With the beginning of the new year, it’s that time again: To make predictions for all things Tablet in 2007.
Here’s my list:
1. Tablet sales will continue to grow. Yeah, that’s an easy one. By how much though? I predict they’ll be just under double from this year. Let’s call it 80% growth.
2. With the launch of Vista and the continued adoption of notebooks as the form factor of choice by more and more consumers, distinct Tablet marketing will get lost in the shuffle. People may use Vista and its Tablet features (such as the handwriting recognition in a Smart Board setup) and not even think in terms of Tablet PCs. Similarly, we’ll see more manufacturers sell Tablets and not even use the word Tablet. Don’t get discouraged, though. This is only temporary. Read prediction 3 to see why.
3. By the end of the year, Tablet PCs as a distinct form factor will make a revival. Why? Because of the competition. What competition you ask? The MIT OLPC for one. UMPC-like devices for another. 2007 will bring more devices with similar capabilities to Tablet PCs (ultra portability, touch digitizers, and so on), and so as the number of “tablet” entrants into the market increases, the value of the Tablet as a Tablet will become better understood and accepted. The result will be that by 2008 we’ll see a renewed growth in Tablet marketing by OEMs and Microsoft.
4. 2007 will be the year of the touch display. We’ll see more displays with touch digitizers built in and more dual digitizer displays with an active digitizer as well as a touch digitizer.
5. More mainstream and existing software products will include Tablet or touch features. For Microsoft there is an obvious reason to further adopt Tablet technologies in its applications. However, I see the trend continuing in other mainstream products during 2007. I’d put Adobe near the top of the list to surprise the market with a Tablet capable app.
6. 2007 will be known as the year of the Tablet in education. The competition to leverage this market will grow to a feverish pitch by mid year among Tablet manufacturers.
7. With all the adoption of Tablets in education and the new Tablet-like devices in the market, the retail channel will finally “get it” when it comes to Tablets.
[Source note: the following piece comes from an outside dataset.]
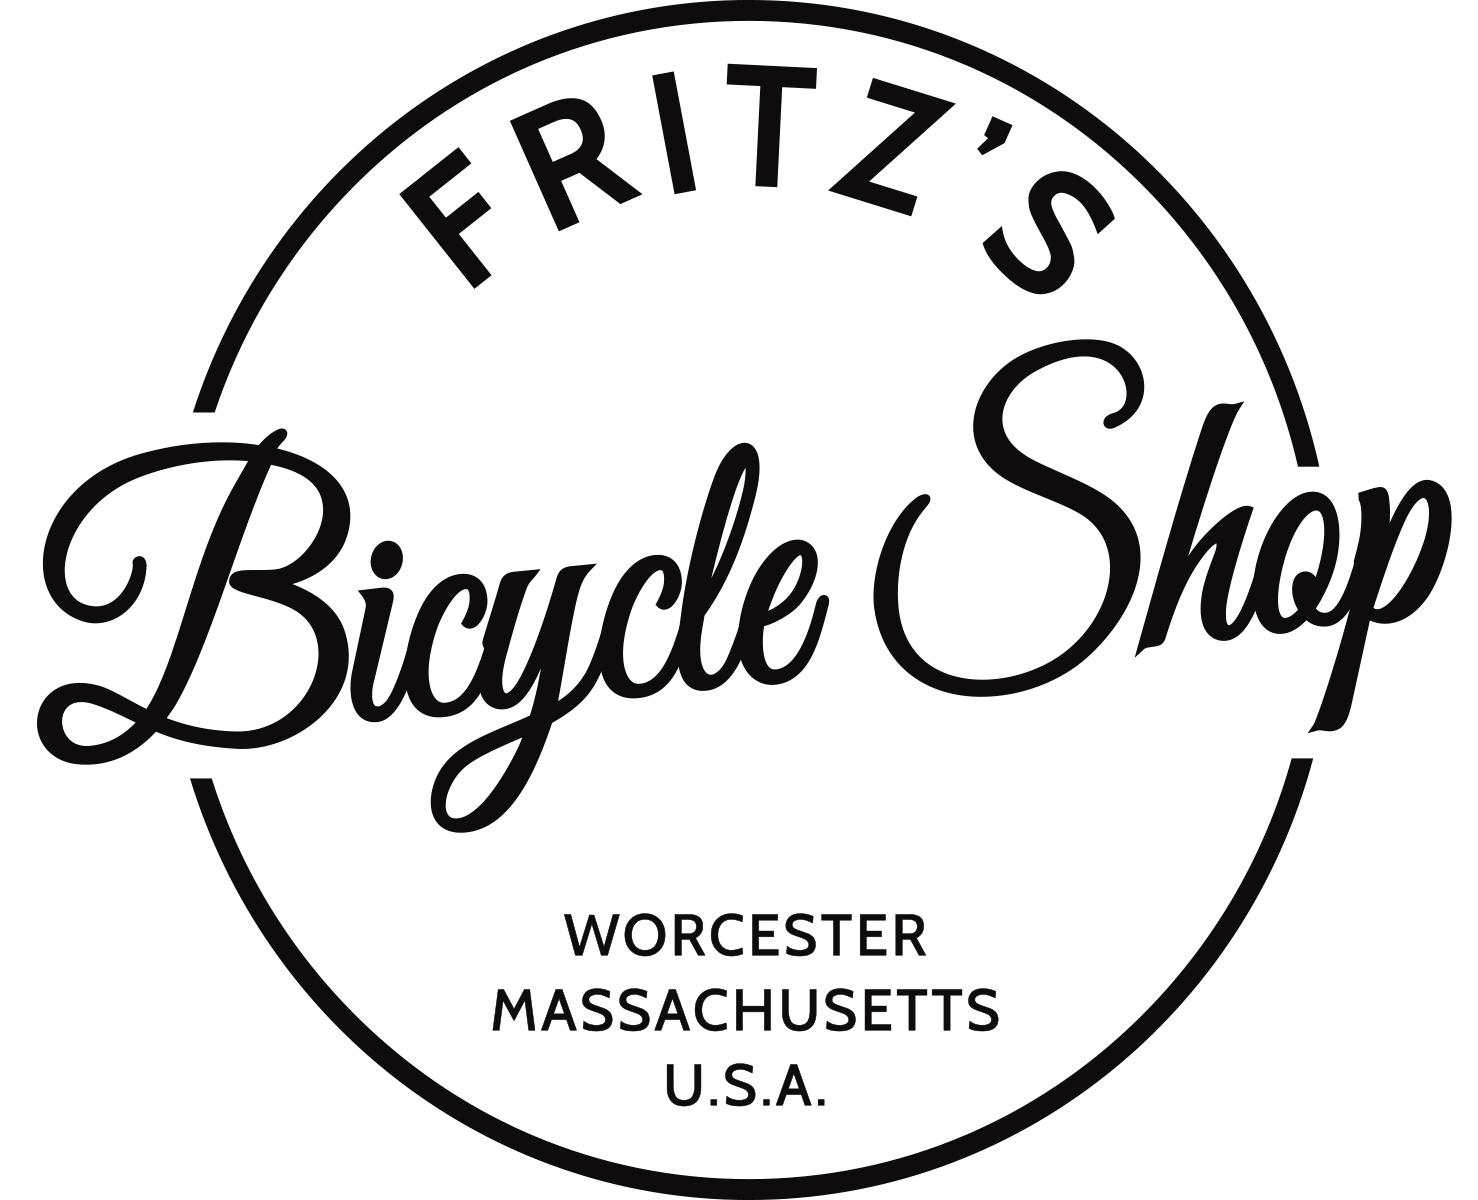 Sponsor Fritz's Bicycle Shop

But it’ll be too late for 2007. Expect 2008 to see more Tablets on store shelves, whether it be Best Buy or the local computer store.
8. Consumers will push the market to improve and expand media experiences on UMPCs and Tablets and for that matter all notebooks. The transition will be slow (in large part due to existing business models), but as it does there will be no turning back. The transition will go mainstream sometime during 2008.
9. UMPC sales will flourish in unexpected markets. The result: UMPC marketing will transition from a consumer-focused device to one geared around verticals. As a result, this will open up marketing opportunities for new, consumer-oriented, UMPC-like devices that aren’t UMPCs per se.
10. 2007 will be the year of “more”. Expect more Tablets. More manufacturers. More power. More capabilities. More choices. The consumer will benefit hopefully with lower prices.
11. Related to Prediction #6 and #10: Apple will offer a display with a built-in digitizer. Why? Partly to try to salvage their education sales which will continue to slide as more and more schools go Tablet. Another reason is that the technology is prime time. Good engineers and designers can’t resist forever.
12. The Tablet market will consolidate. Expect at least one Tablet ISV or OEM to earn newscylces as they are acquired–inspiring some analysts and investors to take a fresh look at the Tablet market. On the other end of the spectrum, I expect to see some Tablet PC models and Tablet apps fade away–very likely well known ones.
13. Wireless broadband will continue its expansion among bloggers and other online influentials, but won’t make it into the mainstream until 2008. The carriers in the US will struggle with capturing this growth versus maintaining their current fee structures. The result: Wireless broadband will gets lots of talk but will still not break into the mainstream.
14. Ink and the web will get its due attention, but don’t expect a noticeable number of ink-enabled web apps until after 2007.
OK. That’s my list. How about yours?